I'm now renting, and using the kitchen of the rental place. 

I also am not totally up on Canadian laws and business practices. 
Can anyone suggest what kind of insurance I might need? General Liability obviously, but any others?

Where do you get yours, and can I be cheeky and ask how much it cost?

cheers
Deb


----------



## Guest (Aug 20, 2009)

Hi Deb 
  I just found out that if the Aviva Insurance Co serves your area and you have your tenant package with them( you should have one even renting ) , you can get the home business liability through them for about $250.00 a year .Any other place it is well over $600.00 in my area . I got this info from an Aviva rep in Toronto but haven't called our rep here yet .If you google Aviva Insurance Canada , you will find a page there to plug in your city and see if there is a rep there .

Hope this helps 

Kitn


----------



## Lindy (Aug 23, 2009)

You need to make sure that the home business insurance covers soap making.  My home insurance company offers home business liability insurance but not for soapmakers due to allergy concerns.  I have sent an inquiry to them (Aviva) myself as it would be nice to reduce my insruance costs.


----------



## ohsoap (Oct 27, 2009)

What was the outcome on Aviva, does the home business insurance cover soapmaking?


----------



## Lindy (Oct 27, 2009)

Aviva never did get back to me.  I know that the most home business insurance don't cover soap making or candle making..... I'm with The Cooperators......


----------



## ohsoap (Dec 4, 2009)

Kitn said:
			
		

> Hi Deb
> I just found out that if the Aviva Insurance Co serves your area and you have your tenant package with them( you should have one even renting ) , you can get the home business liability through them for about $250.00 a year .Any other place it is well over $600.00 in my area . I got this info from an Aviva rep in Toronto but haven't called our rep here yet .If you google Aviva Insurance Canada , you will find a page there to plug in your city and see if there is a rep there .
> 
> Hope this helps
> ...



I wanted to add some info to this thread.  I just got off the phone from an aviva broker, who will cover canadian soapmakers, but they will not cover internet sales.
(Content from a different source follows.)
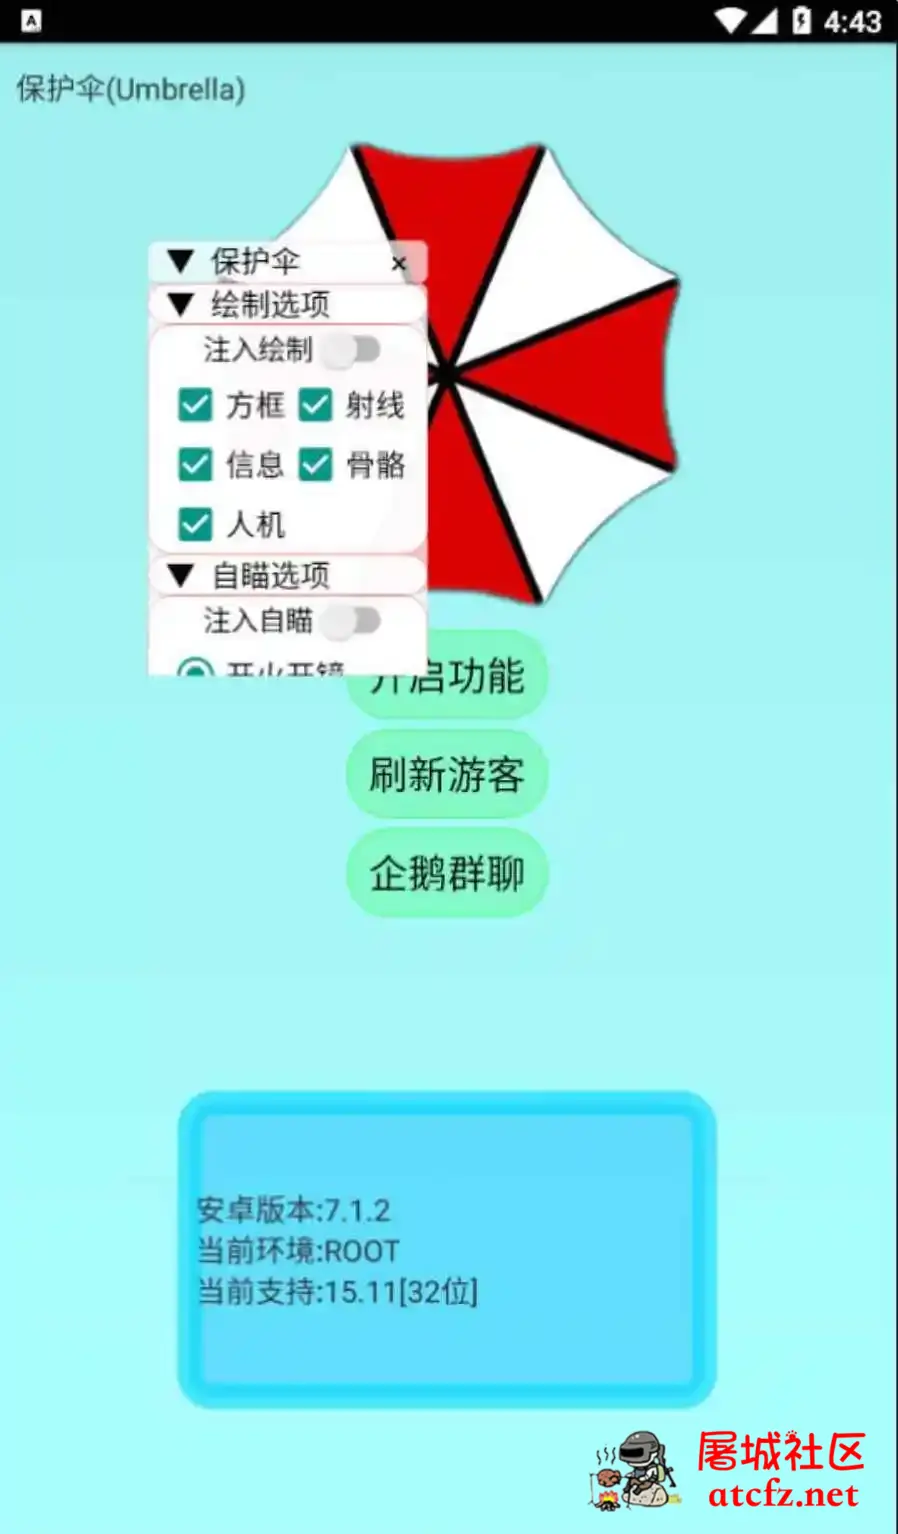 香肠派对保护伞绘制自瞄无后多功能插件 屠城辅助网www.tcfz1.com2398

Is there anyone with them?  Do you think you could have a successful soap business without internet sales?


----------



## KSL (Dec 4, 2009)

Has anyone thought to try and get some insruance program together?  If there is an organization or association that it can be connected to, you can get an insurance program put together.  Esp. in Canada, this would be of help to so many hobbiests........


----------



## KSL (Dec 4, 2009)

ohsoap said:
			
		

> Kitn said:
> 
> 
> 
> ...



Well... that's um... stupid.
I have never seen a policy exclude the WAY you make sales.  What they are likely trying to avoid is sales into the US.  If the coverage is limited to canadian sales only, then that would make more sense.


----------